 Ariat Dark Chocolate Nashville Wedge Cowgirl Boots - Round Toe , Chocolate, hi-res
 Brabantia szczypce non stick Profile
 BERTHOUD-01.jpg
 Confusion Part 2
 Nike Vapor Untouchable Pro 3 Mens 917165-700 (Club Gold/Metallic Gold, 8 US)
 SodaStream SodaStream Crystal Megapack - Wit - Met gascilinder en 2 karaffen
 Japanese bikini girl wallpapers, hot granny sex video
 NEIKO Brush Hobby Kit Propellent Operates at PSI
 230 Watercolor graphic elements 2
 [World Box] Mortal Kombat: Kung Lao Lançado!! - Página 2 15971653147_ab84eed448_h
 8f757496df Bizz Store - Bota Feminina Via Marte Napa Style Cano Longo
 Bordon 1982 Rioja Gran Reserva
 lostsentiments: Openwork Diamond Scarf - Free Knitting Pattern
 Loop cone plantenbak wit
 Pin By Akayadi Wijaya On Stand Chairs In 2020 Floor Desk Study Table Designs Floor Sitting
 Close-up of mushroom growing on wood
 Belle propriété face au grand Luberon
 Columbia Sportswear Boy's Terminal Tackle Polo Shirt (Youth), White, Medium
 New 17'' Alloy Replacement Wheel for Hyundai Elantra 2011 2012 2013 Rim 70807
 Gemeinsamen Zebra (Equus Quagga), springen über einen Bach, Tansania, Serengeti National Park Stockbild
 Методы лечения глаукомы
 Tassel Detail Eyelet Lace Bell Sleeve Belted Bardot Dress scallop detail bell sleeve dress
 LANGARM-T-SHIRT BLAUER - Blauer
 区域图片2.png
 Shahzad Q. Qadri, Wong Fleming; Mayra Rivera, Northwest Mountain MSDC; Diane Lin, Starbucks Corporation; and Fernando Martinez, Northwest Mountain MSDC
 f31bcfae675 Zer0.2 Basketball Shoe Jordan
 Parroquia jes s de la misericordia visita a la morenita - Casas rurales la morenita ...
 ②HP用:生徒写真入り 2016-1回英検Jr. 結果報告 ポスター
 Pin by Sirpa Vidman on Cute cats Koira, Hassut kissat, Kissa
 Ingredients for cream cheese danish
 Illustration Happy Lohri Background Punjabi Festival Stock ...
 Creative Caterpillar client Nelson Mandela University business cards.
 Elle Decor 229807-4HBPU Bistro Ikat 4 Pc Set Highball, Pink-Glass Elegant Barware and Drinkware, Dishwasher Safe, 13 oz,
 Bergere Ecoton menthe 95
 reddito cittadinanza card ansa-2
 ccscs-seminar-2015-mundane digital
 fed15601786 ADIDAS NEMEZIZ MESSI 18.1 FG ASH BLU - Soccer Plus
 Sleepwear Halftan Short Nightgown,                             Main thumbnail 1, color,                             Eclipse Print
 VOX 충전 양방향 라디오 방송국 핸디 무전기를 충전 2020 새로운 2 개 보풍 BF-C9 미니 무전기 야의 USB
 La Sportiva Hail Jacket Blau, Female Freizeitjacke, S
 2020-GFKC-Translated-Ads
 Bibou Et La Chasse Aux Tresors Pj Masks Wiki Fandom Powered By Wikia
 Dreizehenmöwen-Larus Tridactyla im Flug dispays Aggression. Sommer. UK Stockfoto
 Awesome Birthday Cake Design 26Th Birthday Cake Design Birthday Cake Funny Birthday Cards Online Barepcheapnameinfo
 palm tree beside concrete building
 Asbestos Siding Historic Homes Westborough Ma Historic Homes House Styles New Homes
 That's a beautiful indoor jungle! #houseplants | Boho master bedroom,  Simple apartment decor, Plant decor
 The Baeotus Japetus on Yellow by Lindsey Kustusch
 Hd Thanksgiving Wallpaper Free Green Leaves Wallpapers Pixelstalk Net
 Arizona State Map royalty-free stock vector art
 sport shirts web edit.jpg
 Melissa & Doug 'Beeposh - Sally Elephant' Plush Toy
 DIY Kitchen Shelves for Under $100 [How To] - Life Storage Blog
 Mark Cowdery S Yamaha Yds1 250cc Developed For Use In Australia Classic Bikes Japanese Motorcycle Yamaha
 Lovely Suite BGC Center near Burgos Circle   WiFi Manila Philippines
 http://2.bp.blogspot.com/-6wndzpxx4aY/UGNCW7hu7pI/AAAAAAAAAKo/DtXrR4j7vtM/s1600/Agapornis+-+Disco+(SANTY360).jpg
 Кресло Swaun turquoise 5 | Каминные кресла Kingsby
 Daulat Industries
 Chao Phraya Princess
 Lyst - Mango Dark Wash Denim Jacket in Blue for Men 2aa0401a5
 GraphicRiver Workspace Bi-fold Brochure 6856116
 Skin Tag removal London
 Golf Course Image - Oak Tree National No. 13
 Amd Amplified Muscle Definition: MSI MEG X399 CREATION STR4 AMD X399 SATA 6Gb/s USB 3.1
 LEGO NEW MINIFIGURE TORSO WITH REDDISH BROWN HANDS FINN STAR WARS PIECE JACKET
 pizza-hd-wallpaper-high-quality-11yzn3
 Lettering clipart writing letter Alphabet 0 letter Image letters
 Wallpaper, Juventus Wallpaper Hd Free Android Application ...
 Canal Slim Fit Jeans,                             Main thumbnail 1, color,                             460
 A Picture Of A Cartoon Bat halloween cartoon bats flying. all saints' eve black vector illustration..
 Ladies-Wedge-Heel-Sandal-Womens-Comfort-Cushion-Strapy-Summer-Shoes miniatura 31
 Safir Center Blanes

☆ ☆ ☆

**Directions**. The required output is the lines from the one holding "Daulat Industries" through the last line of the entries above, copied exactly.

**Output of the exercise**.
 Daulat Industries
 Chao Phraya Princess
 Lyst - Mango Dark Wash Denim Jacket in Blue for Men 2aa0401a5
 GraphicRiver Workspace Bi-fold Brochure 6856116
 Skin Tag removal London
 Golf Course Image - Oak Tree National No. 13
 Amd Amplified Muscle Definition: MSI MEG X399 CREATION STR4 AMD X399 SATA 6Gb/s USB 3.1
 LEGO NEW MINIFIGURE TORSO WITH REDDISH BROWN HANDS FINN STAR WARS PIECE JACKET
 pizza-hd-wallpaper-high-quality-11yzn3
 Lettering clipart writing letter Alphabet 0 letter Image letters
 Wallpaper, Juventus Wallpaper Hd Free Android Application ...
 Canal Slim Fit Jeans,                             Main thumbnail 1, color,                             460
 A Picture Of A Cartoon Bat halloween cartoon bats flying. all saints' eve black vector illustration..
 Ladies-Wedge-Heel-Sandal-Womens-Comfort-Cushion-Strapy-Summer-Shoes miniatura 31
 Safir Center Blanes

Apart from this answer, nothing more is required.